Saturday, January 4, 2020

Homemade things

hapless youths
As I've written here, here, and here, I tend to lose interest in Big Rock Star memoirs when the (usually early) years of struggle give way to mammoth success and its attendant trappings. I have a possibly perverse interest in conflict. Give me Bruce Springsteen in a shitty studio apartment playing Phil Spector records obsessively while conjuring "Born To Run," a record he needed to make for many urgent reasons, over playing the Super Bowl halftime show. It's privileged of me to feel this way, but I found reading about Elton John's early days as a backing musician in Bluesology and an anonymous studio session player, not to mention his struggles with alcohol and drug abuse and his fading commercial star, far more interesting than his later-life meet-ups with celebrities or his enormous rooms in his mansion stuffed with priceless objets d'art. (That said, Me is a charming, funny book and I recommend it.) I don't begrudge anyone their success, of course, and comfortable material achievement is certainly not their problem—or perhaps even a problem—but the slackness in conflict and tension that such success tends to bring with it might be a problem for their memoirs, a worrying common thread I'm noticing in these books.

Which I why I love these lines from Iggy Pop. It's the mid 1980s, and he's in conversation with Barney Hoskyns, the British writer, about Pop's book I Need More, which he'd published in the early 80s. (The conversation's reprinted in Hoskyns's terrific Ragged Glories: City Lights, Country Funk, American Music, published in 2003.) Hoskyns remarks that there appeared to be some missing years in Iggy's account. "Yeah. It was hard to write about those years," Iggy responds. "My intention originally in writing that book, and I veered a lot off course, was..."
well, put it like this: when I saw the movie The Rose I was so incensed by the intimation in the script that what was important about rock ’n’ roll was the helicopters and the sycophants and the adoring crowds and the limos, and I thought no, no, no, no, no, this is not what it’s about, and I thought I would like to set this straight.

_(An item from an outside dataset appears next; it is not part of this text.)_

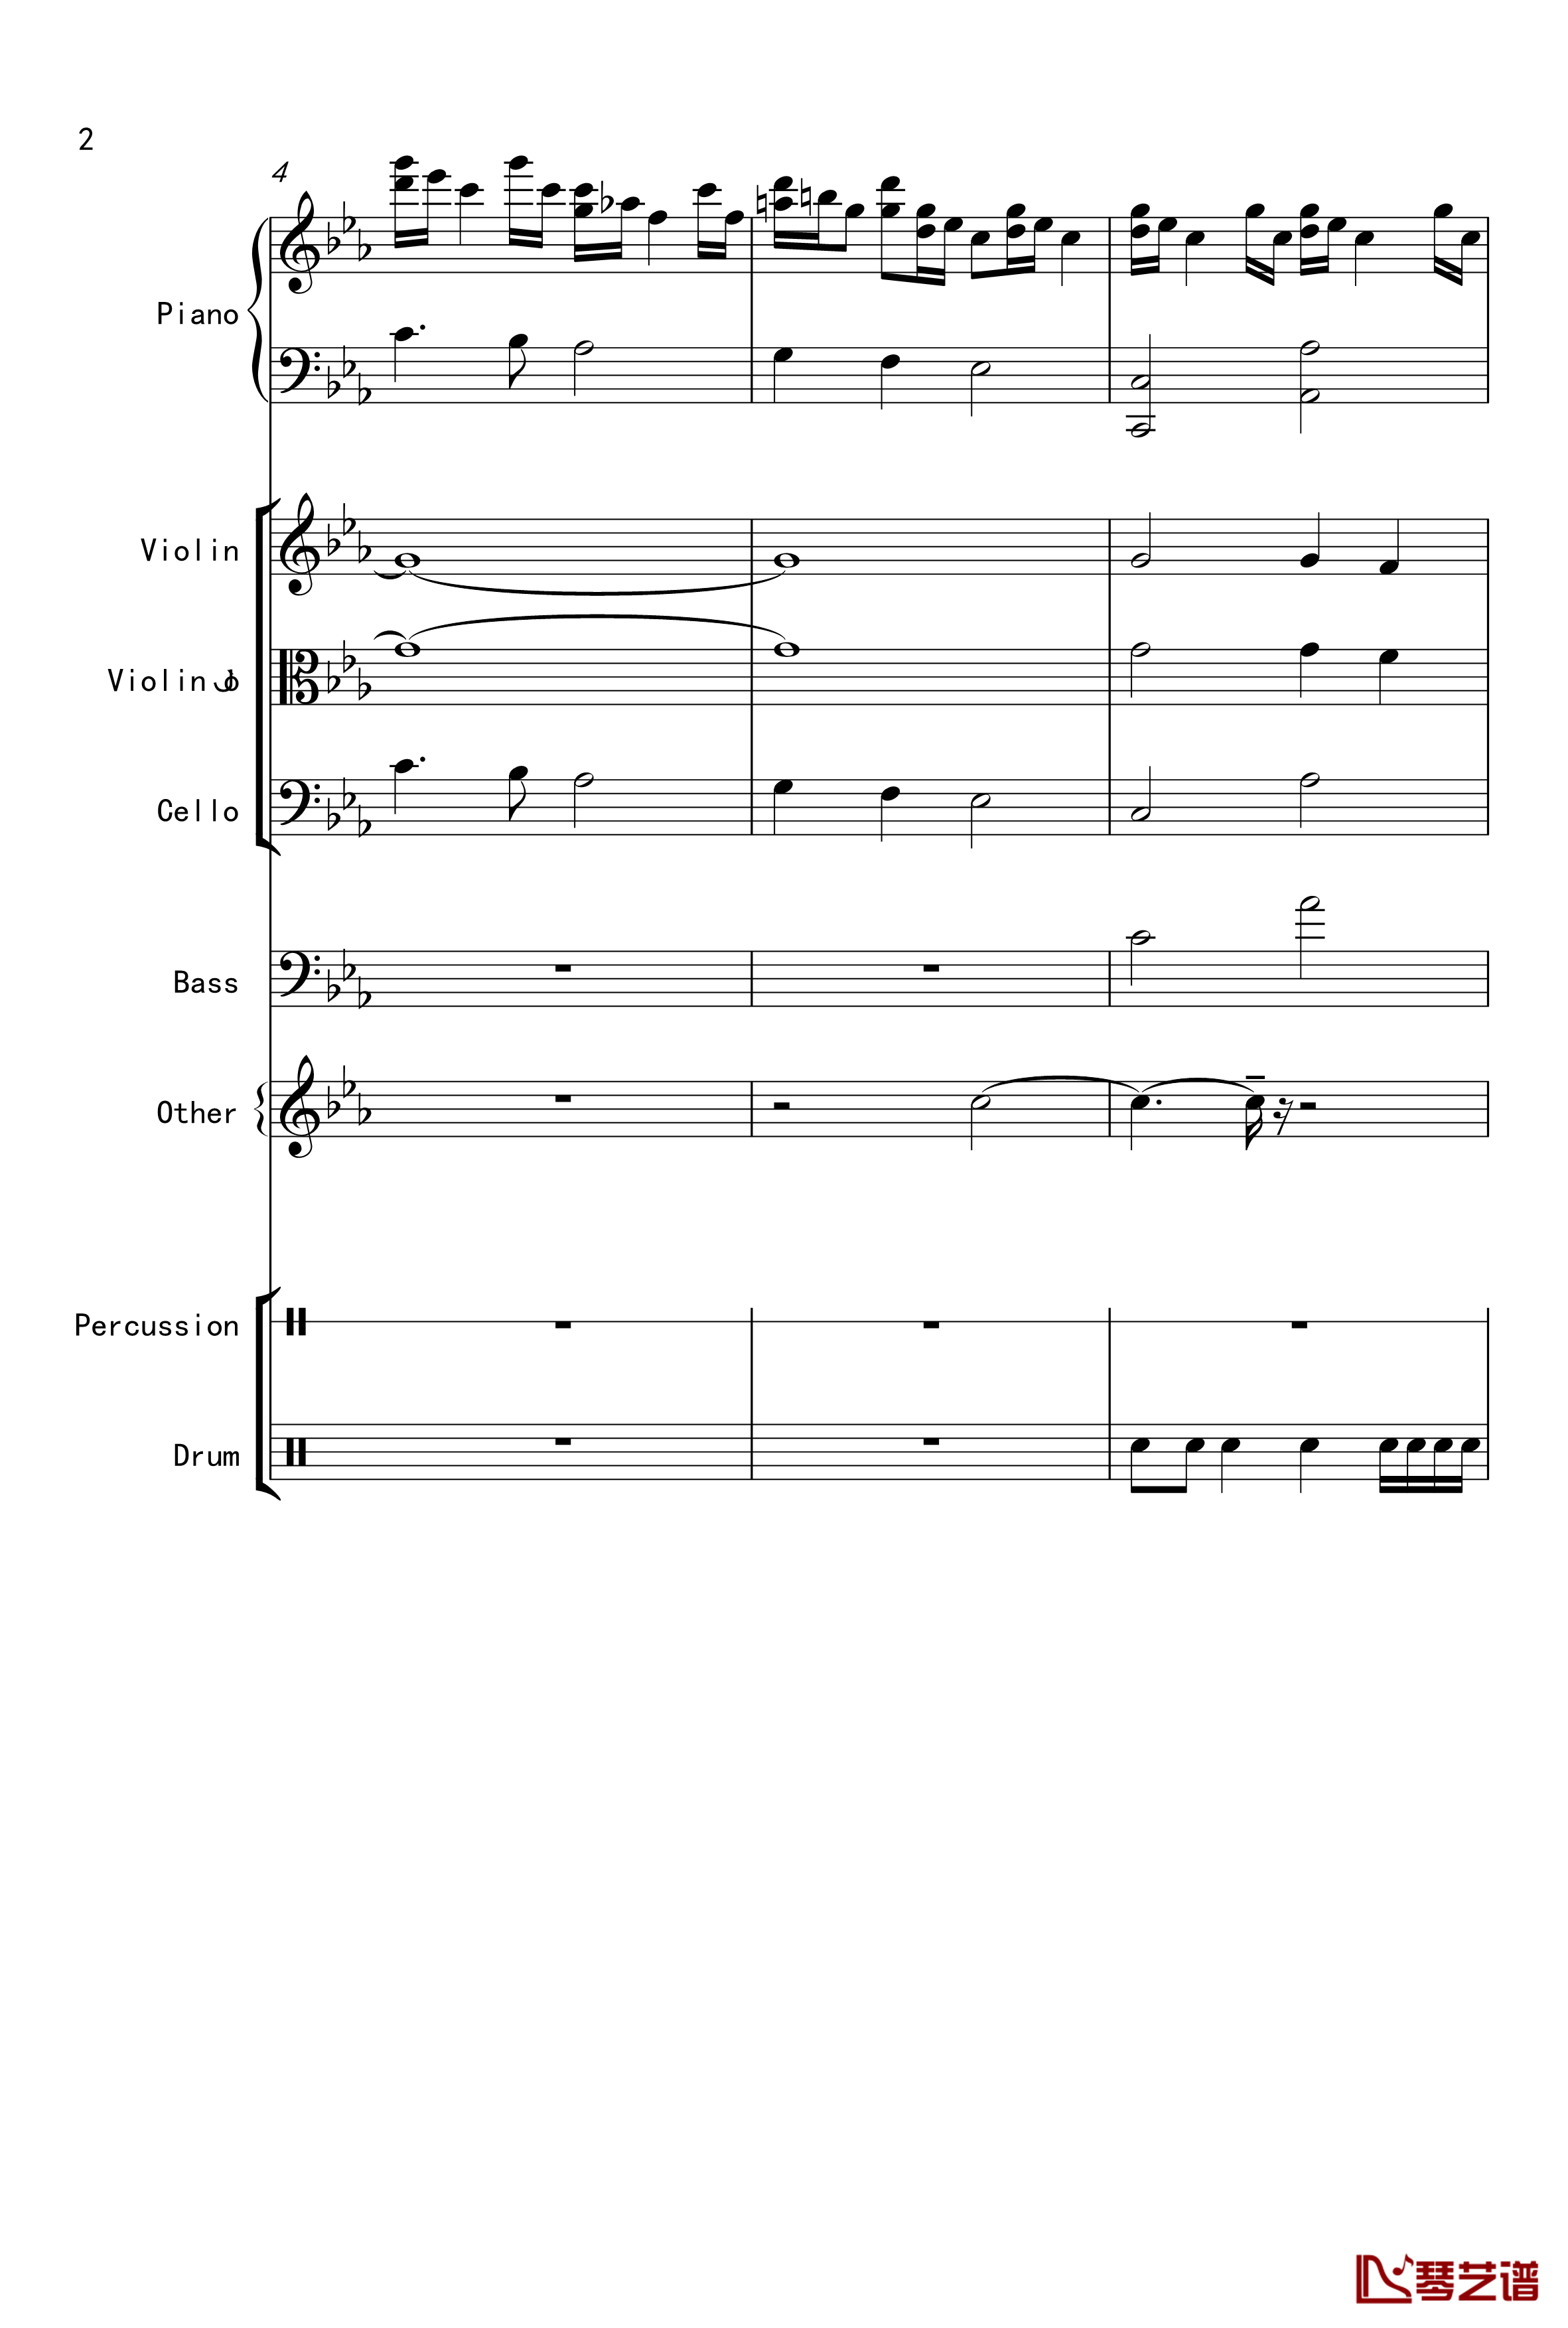 克罗地亚舞曲钢琴谱-Croatian Rhapsody-马克西姆-Maksim·Mrvica2

In the end, the book became a kind of an autobiography, but what I wanted to show was that the most interesting things about rock ’n’ roll are the homemade things, before the band ever gets its recording contract, when they gotta carry their own amps, when they’re still naive and have ridiculous dreams, when they have giant holes in their thinking. That’s what’s really important, when something like that actually takes root and starts to grow. Suddenly these hapless youths find a voice and make waves in the society around them.
So many great phrases here: "homemade things," "ridiculous dreams," "giant holes in their thinking." Giant holes filled with what? Well, those ridiculous dreams for one, and a sense of promise and limitlessness that even the smallest, crappiest stage, or the smallest, least generous crowd, can't erase—might even inspire. I try to remember this when I'm catching a local band on an off night in front of no one but me and the band's friends. Behold the future, which is sometimes less interesting than the present.